----- Input material

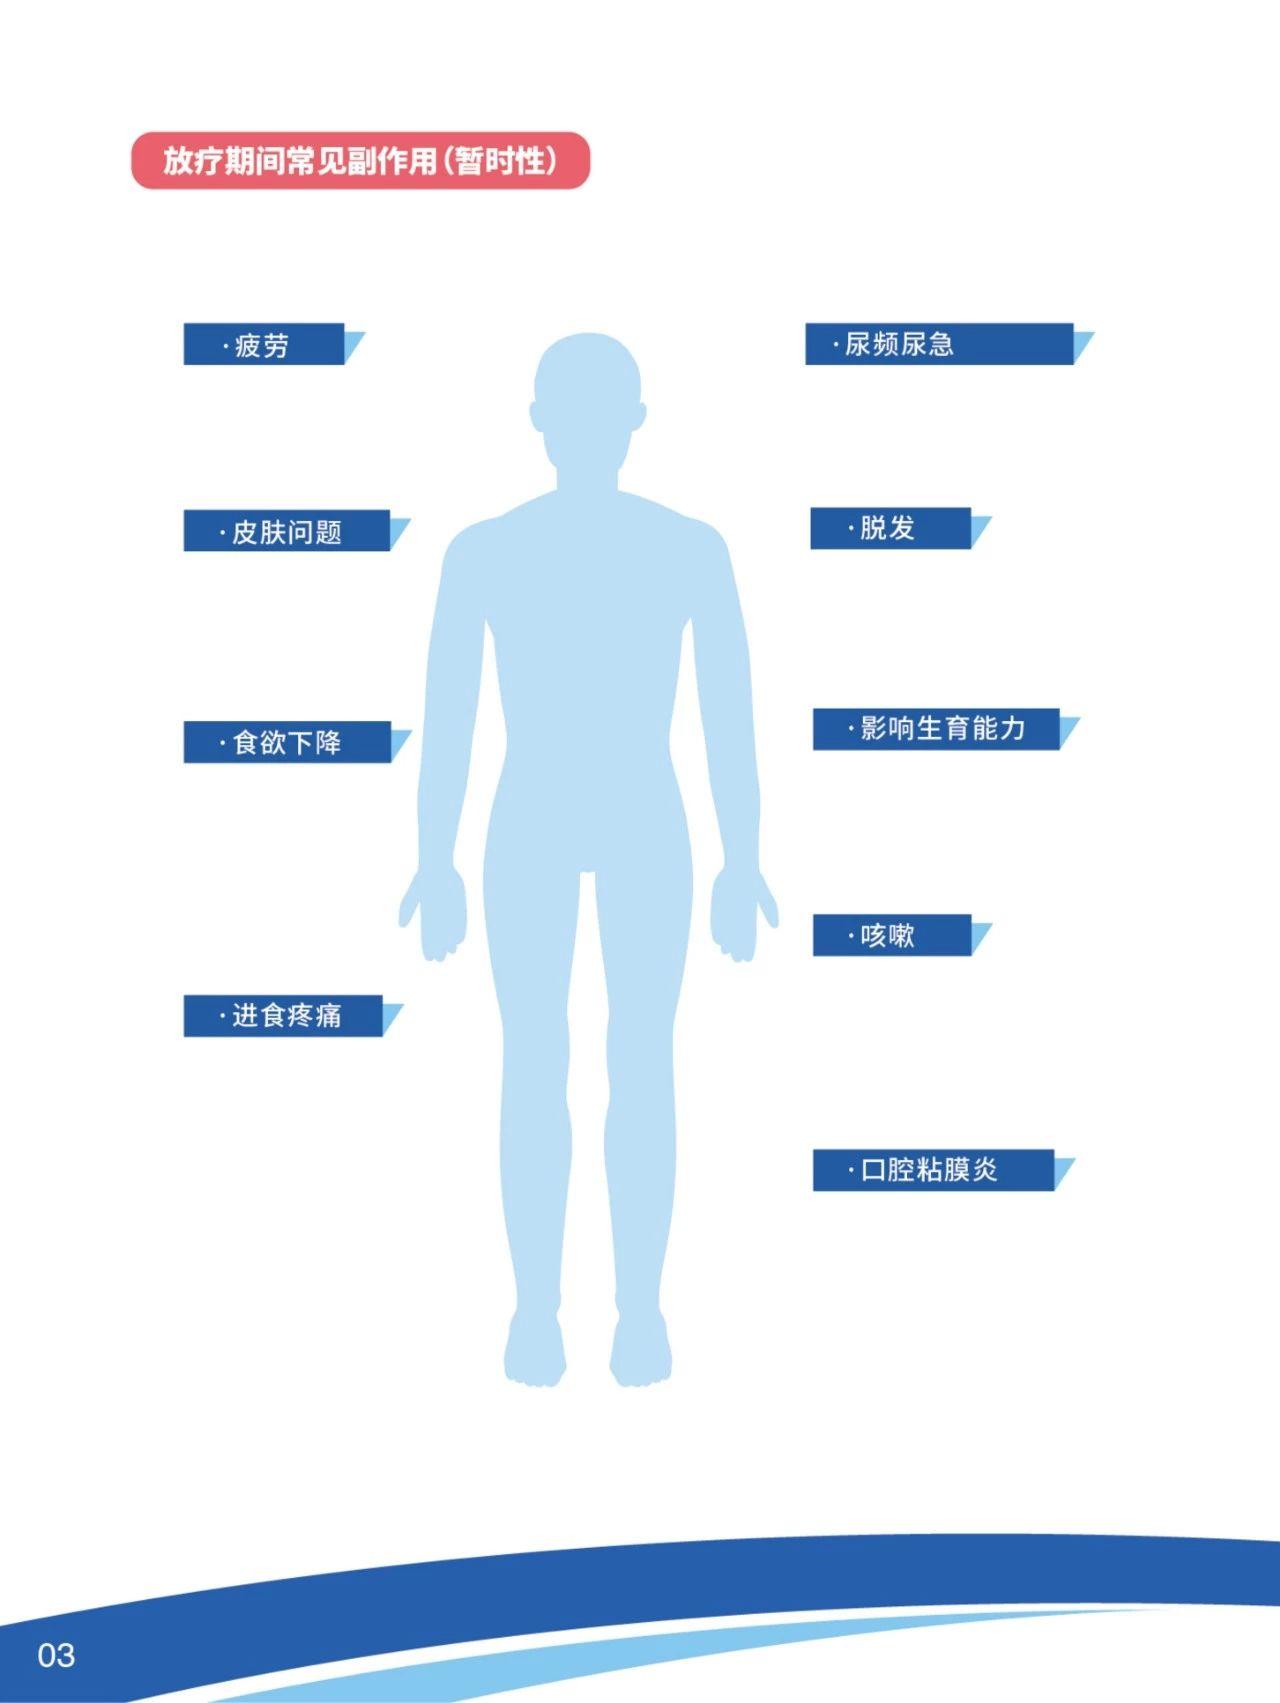 肺癌治疗 | 干货收藏!肺癌放疗权威科普,肺癌放疗副作用。
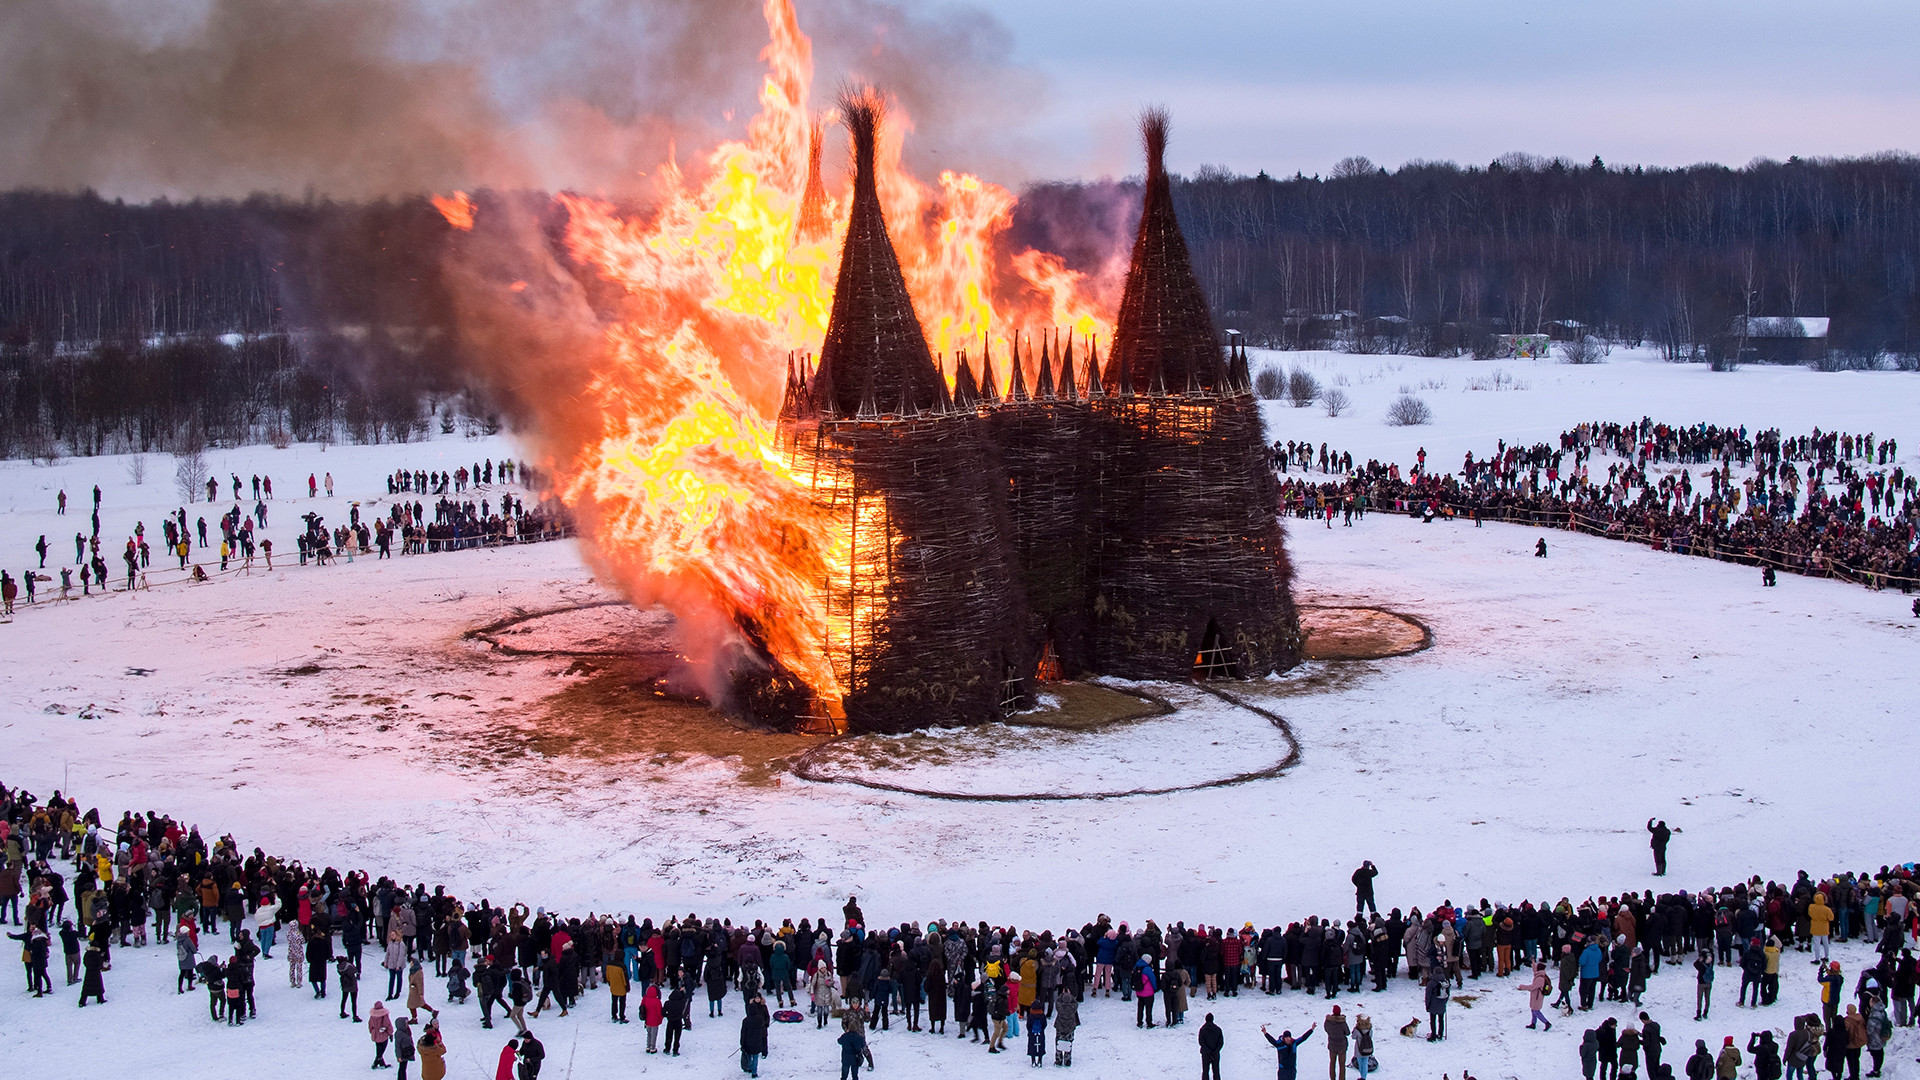 Una costruzione di legno a forma di castello brucia nel parco Nikola-Lenivets, a sud-ovest di Mosca, come parte dei festeggiamenti della Maslenitsa, 13 marzo 2021
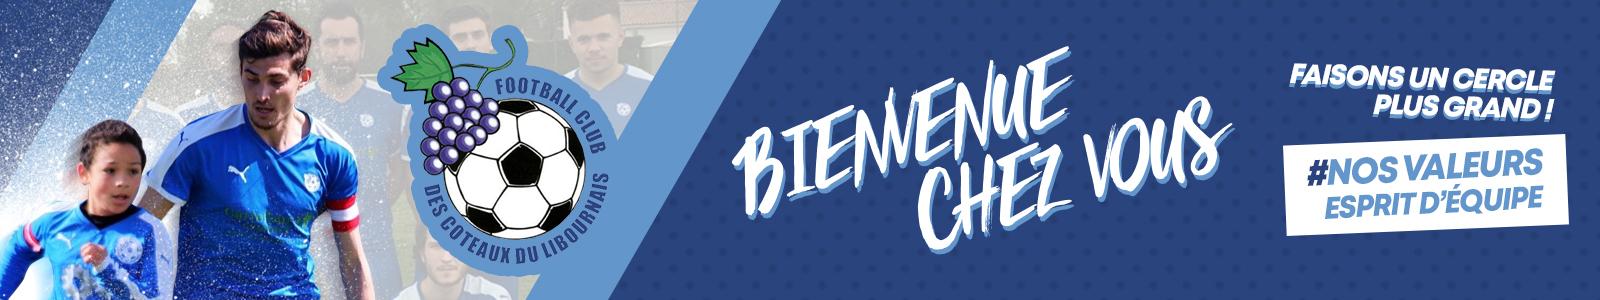 Football Club des coteaux du Libournais : site officiel du club de foot de ARVEYRES - footeo
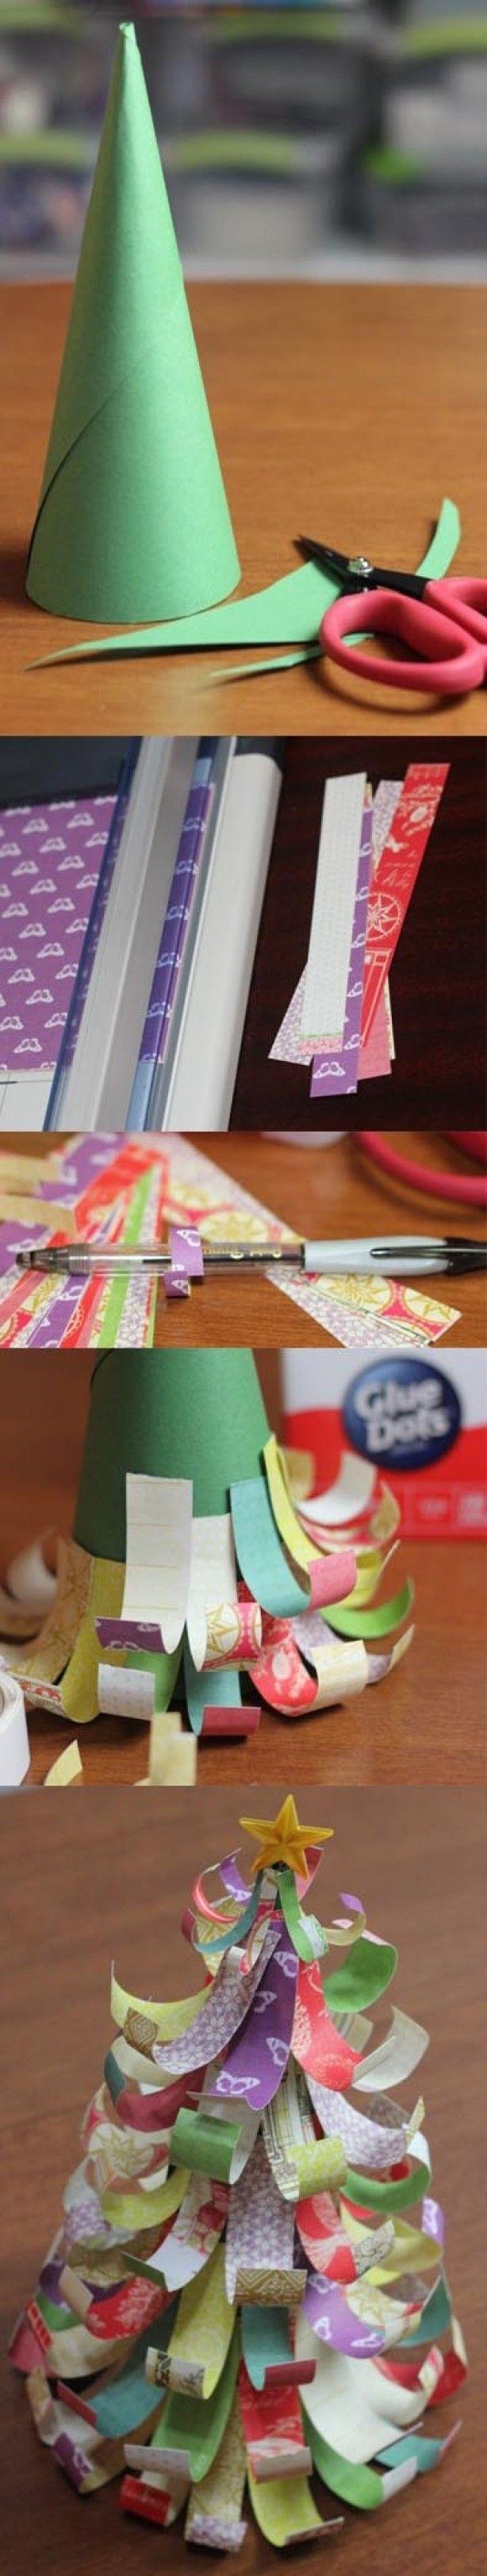 knutsel ideeën voor kerst
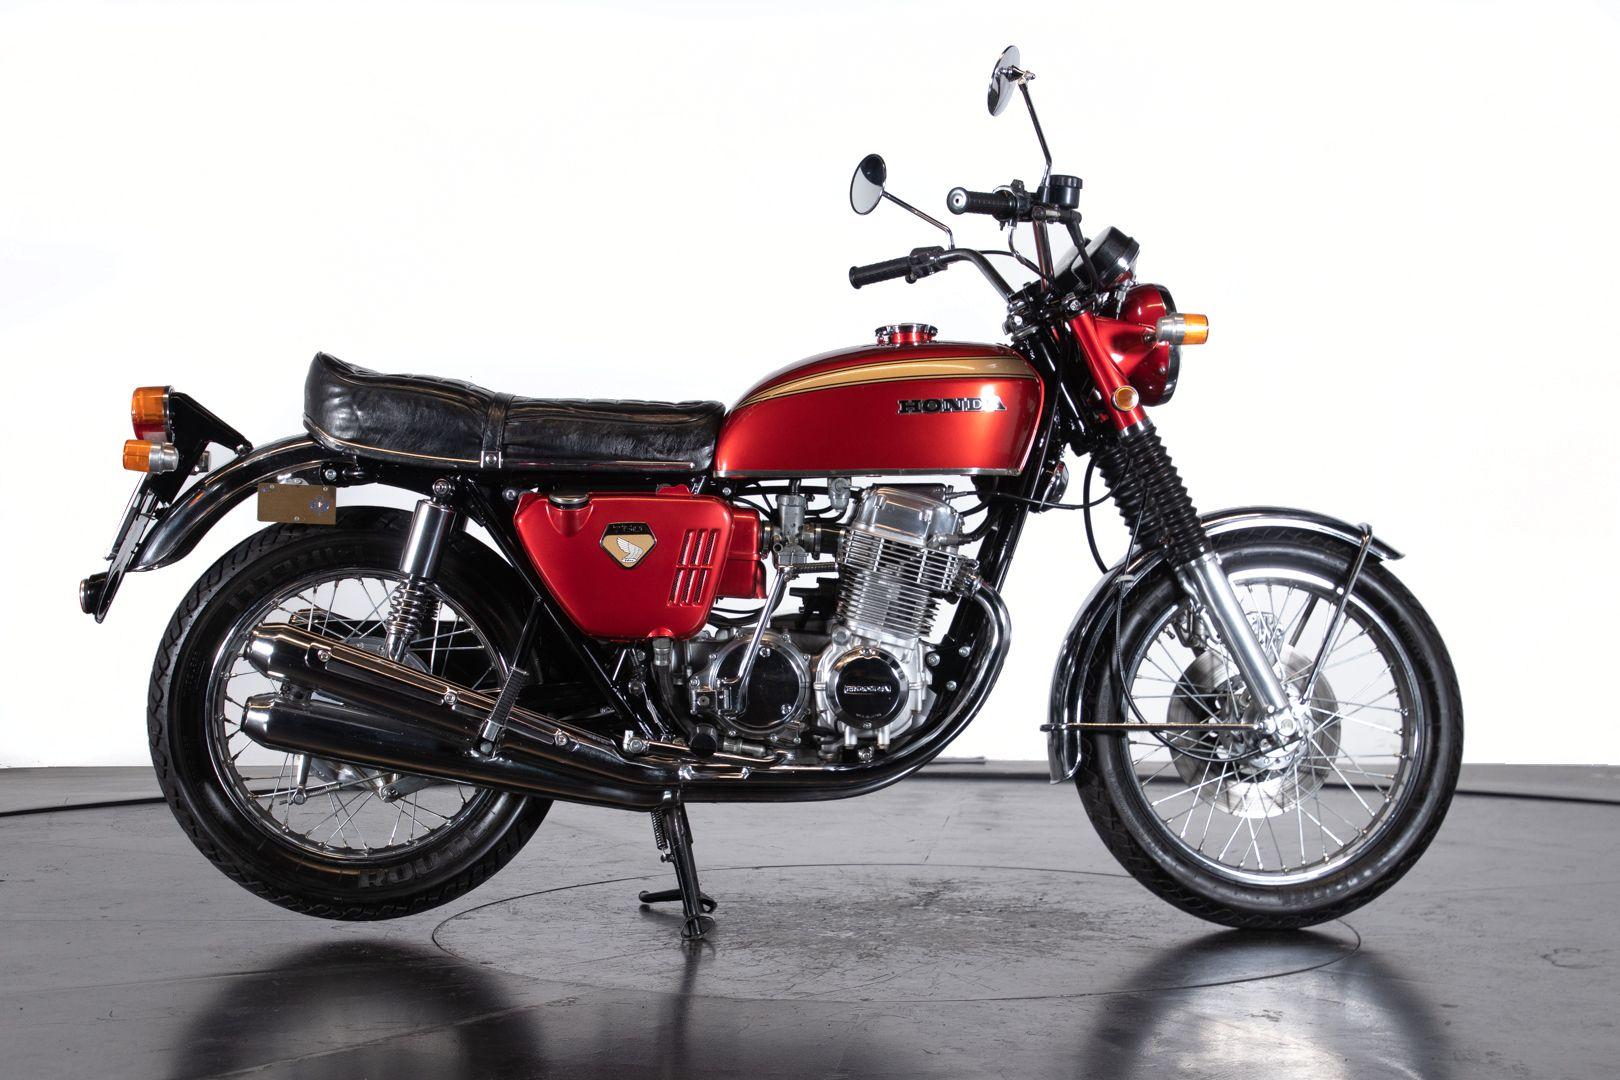 1970 HONDA CB 750 K0 56003

----------

Problem requirements: Give back every record above word for word, dropping pictures.

Written response:
 肺癌治疗 | 干货收藏!肺癌放疗权威科普,肺癌放疗副作用。
 Una costruzione di legno a forma di castello brucia nel parco Nikola-Lenivets, a sud-ovest di Mosca, come parte dei festeggiamenti della Maslenitsa, 13 marzo 2021
 Football Club des coteaux du Libournais : site officiel du club de foot de ARVEYRES - footeo
 knutsel ideeën voor kerst
 1970 HONDA CB 750 K0 56003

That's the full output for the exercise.